▸ **Task objective**
Copy each line below as it stands, but skip any picture it contains.

BEGIN Source material

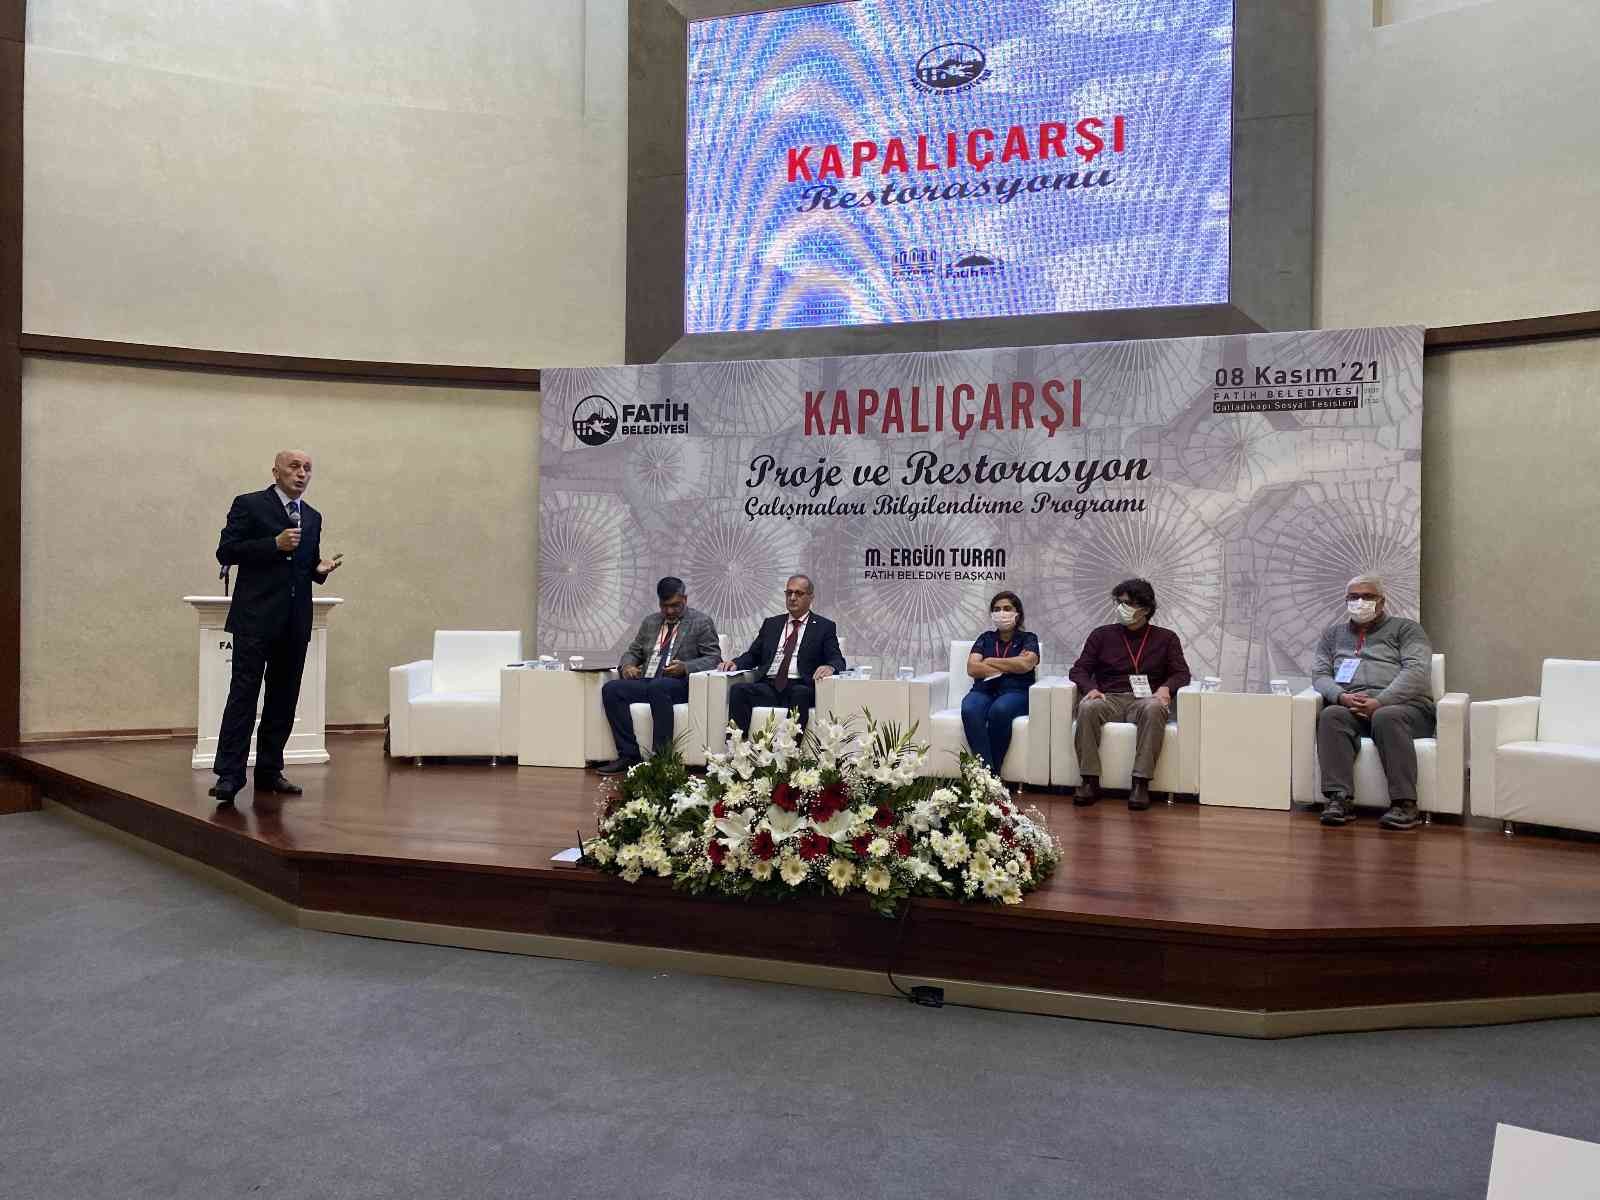 Başkan Turan: “2022’nin 6’ncı ayının sonunda Kapalıçarşı’daki restorasyonu tamamlamış olacağız” #istanbul
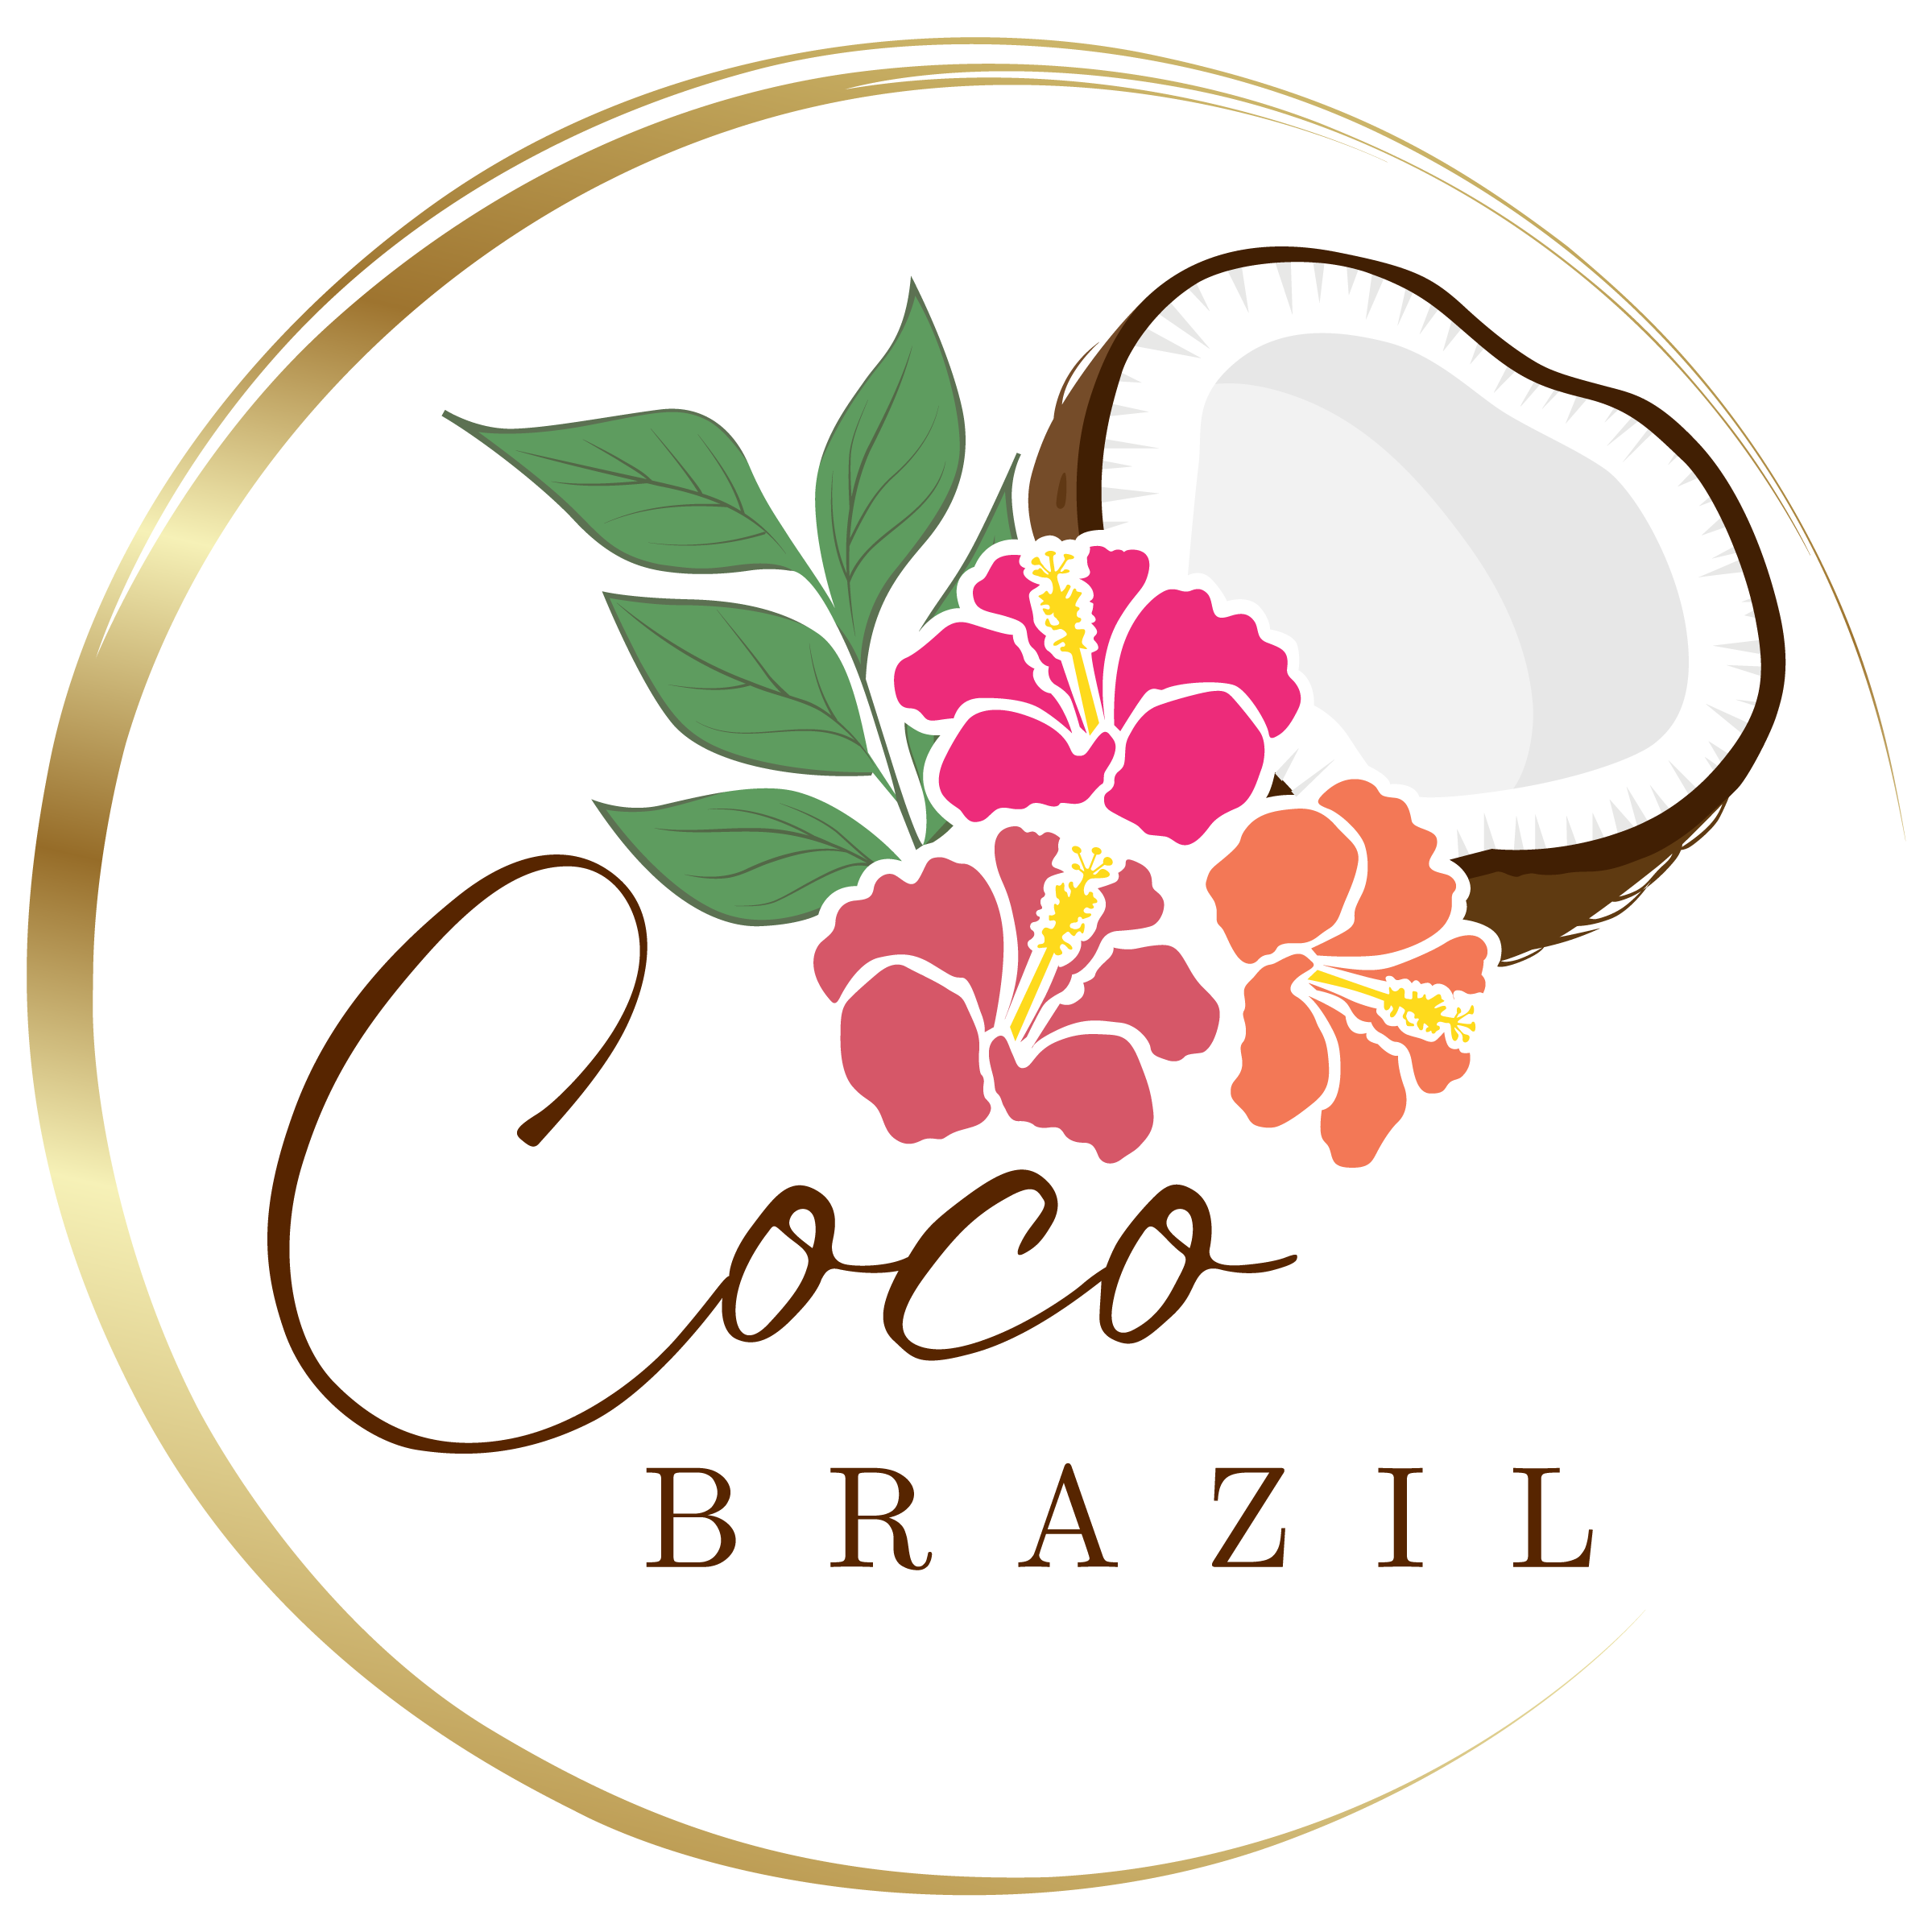 Coco Brazil 
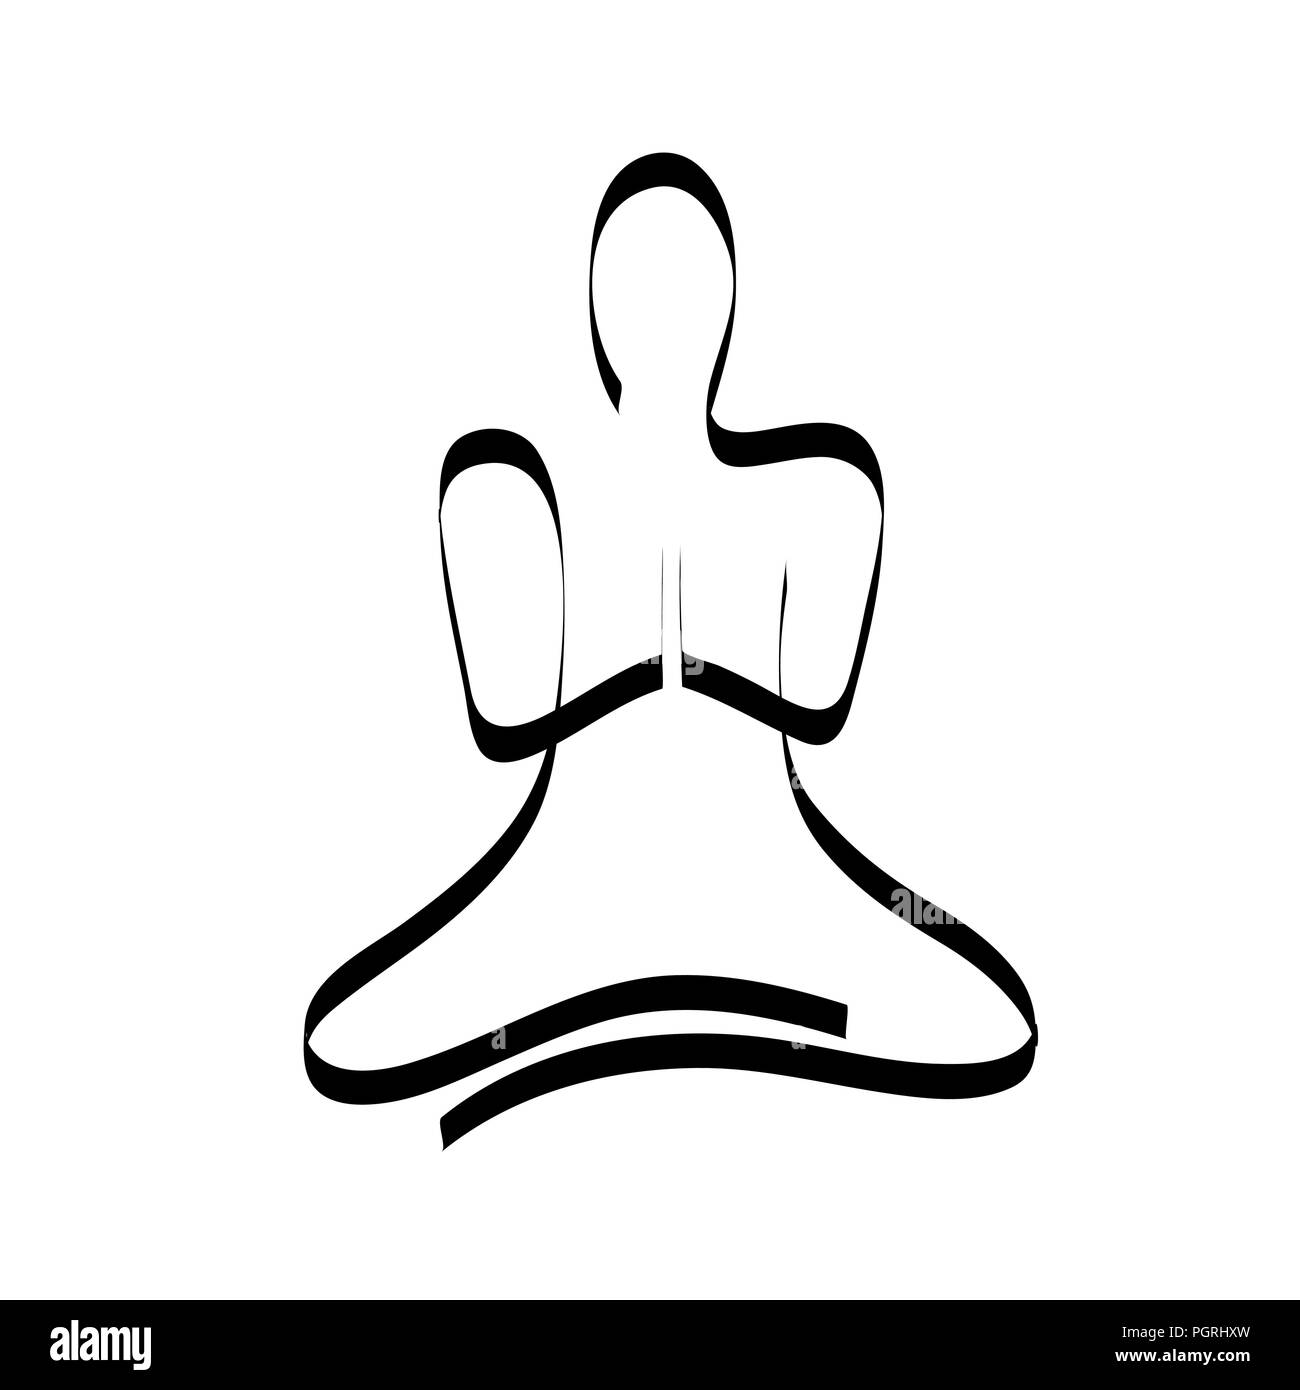 Disegno a mano persona in posa di meditazione su sfondo bianco illustrazione vettoriale EPS10 Illustrazione Vettoriale

END Source material

▸ **Your response**
 Başkan Turan: “2022’nin 6’ncı ayının sonunda Kapalıçarşı’daki restorasyonu tamamlamış olacağız” #istanbul
 Coco Brazil 
 Disegno a mano persona in posa di meditazione su sfondo bianco illustrazione vettoriale EPS10 Illustrazione Vettoriale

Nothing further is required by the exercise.